OK, so far, so boring. Then came the part that got the SEC enforcement attorneys riled up:
The customer “shall keep this agreement confidential and not use or disclose (including but not limited to, media statements, social media, or otherwise) the allegations, facts, contentions, liability, damages, or other information relating in any way to the account, including but not limited to, the existence or terms of this Agreement … Notwithstanding, [the customer and his or her counsel] are neither prohibited nor restricted from responding to any inquiry about this settlement or its underlying facts by FINRA, the SEC, or any other government entity or self-regulatory organization, or as required by law.”
That language, without any suggestion that the customer could approach the SEC voluntarily, qualifies as a violation of Rule 21F-17(a), which prohibits companies from taking any action to impede a person from communicating directly with SEC about possible securities law violations.
The SEC says that from 2020 to July 2023, at least 362 JPMS clients signed one of those confidential releases, in exchange for payments ranging from $1,000 to $165,000. It’s not clear that JPMorgan ever actually enforced any of the pre-taliation agreements, and in at least a few cases JPMorgan even voluntarily self-reported its disputes with customers to FINRA (the regulator for broker-dealers) anyway.
Once the SEC began investigating the pre-taliation agreements, JPMorgan added language to clarify that customers could always report to the SEC if they so choose, and sent communications to all customers who had already signed the releases emphasizing that same point.
Lessons for the Rest of Us
I mean, the lesson here is pretty simple: the SEC views pre-taliation risk as expansively as possible, so companies need to think hard about how pre-taliation might exist within your business contracts and then fix those problematic clauses, pronto.
A good example of what that remediation might look like comes from real estate firm CBRE, which settled its own pre-taliation case last year with a $1.4 million fine. That case did involve employee severance agreements rather than settlements with customers, but consider the remediation CBRE undertook and which was praised by the SEC:
- Within one month of learning about the SEC investigation, revising all its U.S. severance agreement templates to assure compliance; followed by an audit of similar agreements worldwide, reviewing some 300 templates used by CBRE affiliates in 54 countries.
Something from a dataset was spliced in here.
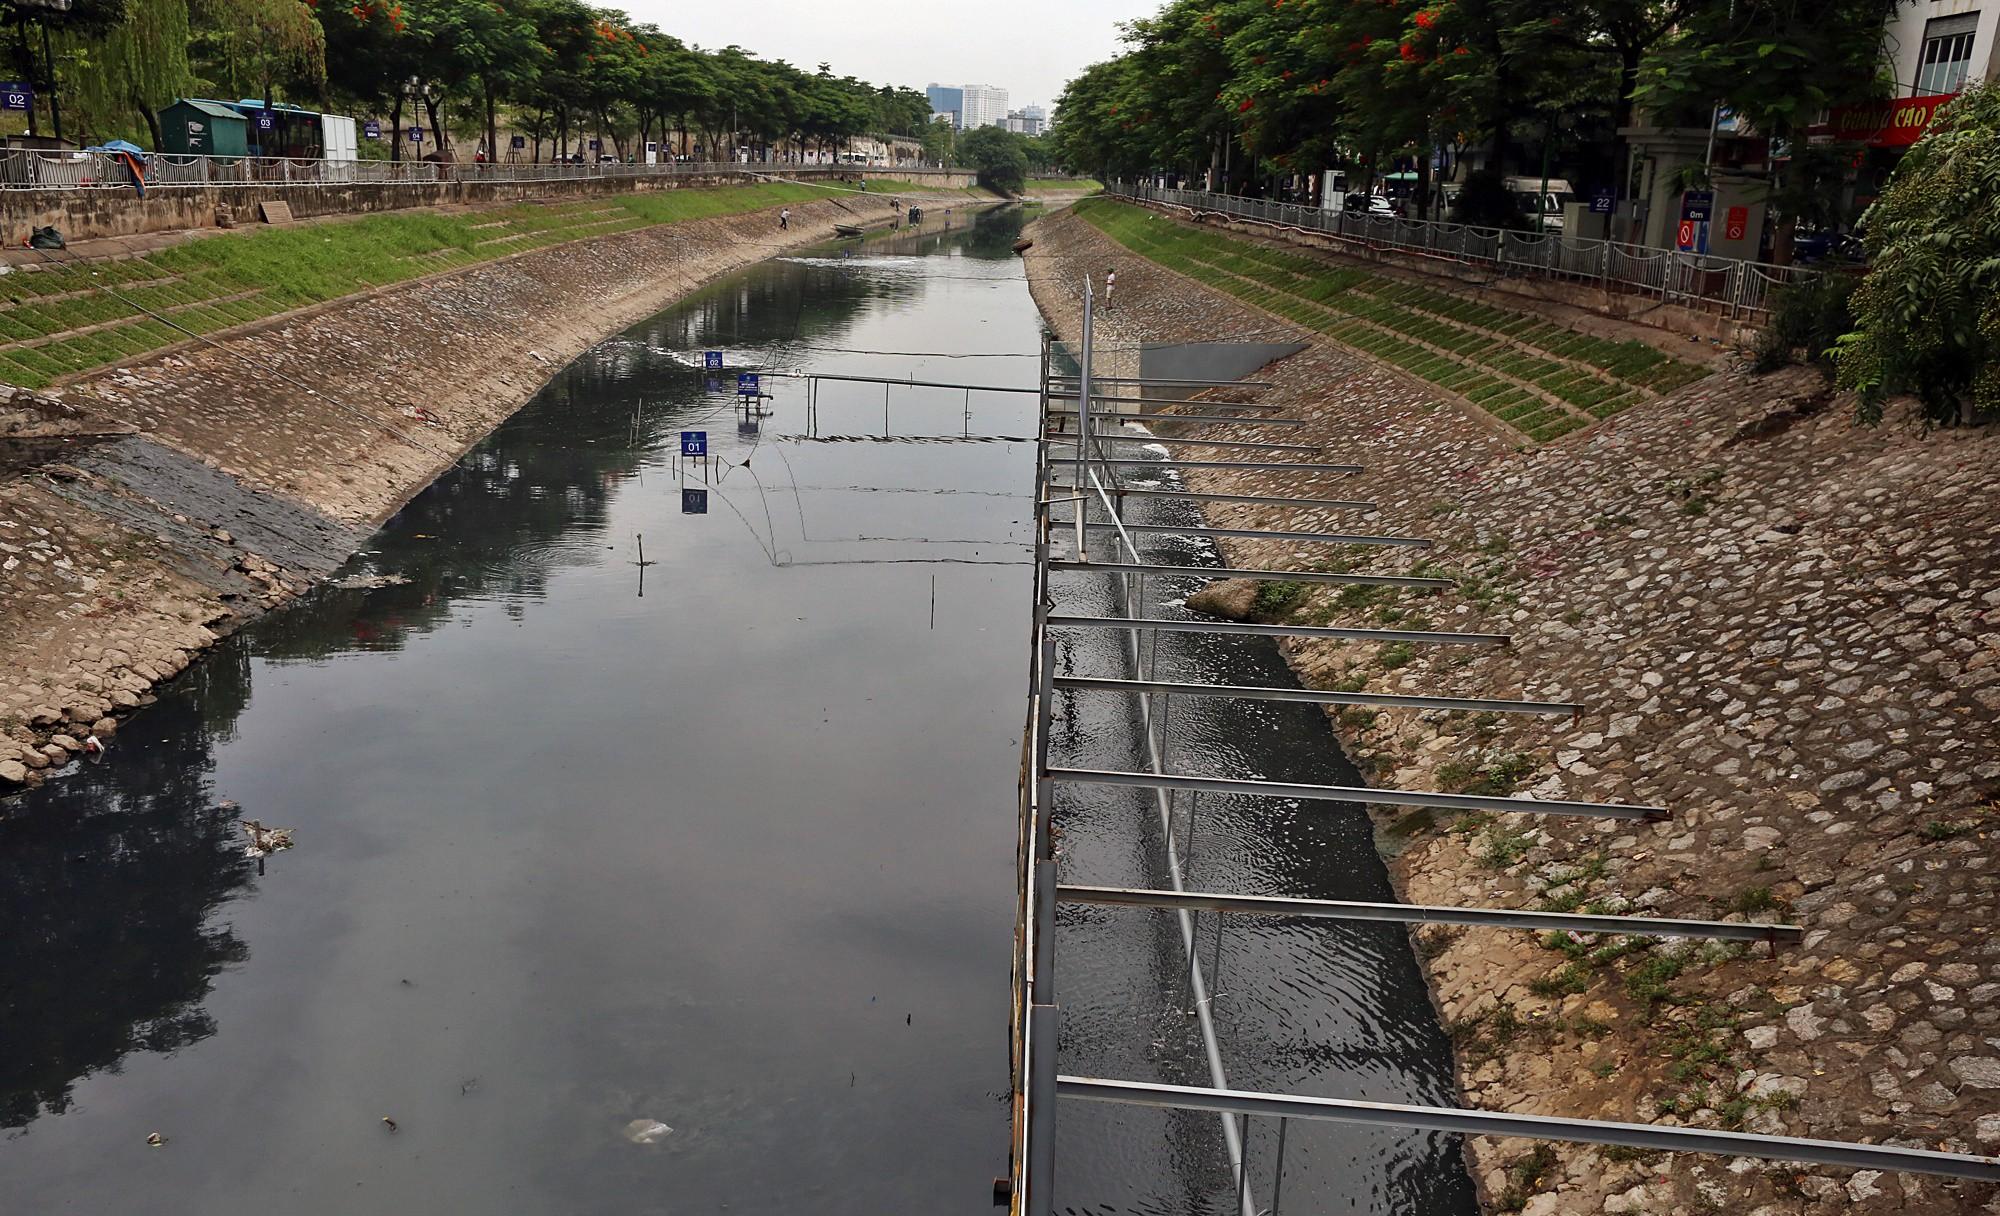 Khu vực trình diễn xử lý bùn thành CO2 và nước quây bằng rào sắt rộng chùng 70m2 vẫn hoạt động bình thường.

- Updating the CBRE Code of Conduct to add new language against pre-taliation.
- Training more than 50 members of the compliance team globally on the Rule 21F-17 language added to all relevant templates;
- Undertaking a mandatory re-certification process, where more than 100,000 employees worldwide certified that they had reviewed the updated Code of Conduct, and attested to their understanding that they were always free to bring concerns to regulators without any advanced notice to CBRE.
The first three of those four bullet points could fit just as easily to contracts with customers as to contracts with employees. Audits, standardized templates, training, policy language — those are good, effective steps regardless of the contract’s counter-party.
The other notable point here is that $18 million penalty, easily the largest pre-taliation penalty we’ve ever seen. Last October the SEC had imposed a $10 million penalty against financial firm D.E. Shaw for pre-taliation language it used in employee severance agreements as recently as 2023; until then, all prior pre-taliation enforcement actions had penalties ranging from a few hundred thousand to just above $1 million.
All those prior cases, however, were for old cases, where the pre-taliation clauses were used in the 2010s or earlier. D.E. Shaw and JPMorgan both had pre-taliation trouble as recently as 2023 — when every large company should already have known that pre-taliation clauses were a real sore point with the agency, and should already have implemented relatively straightforward fixes to end the problem.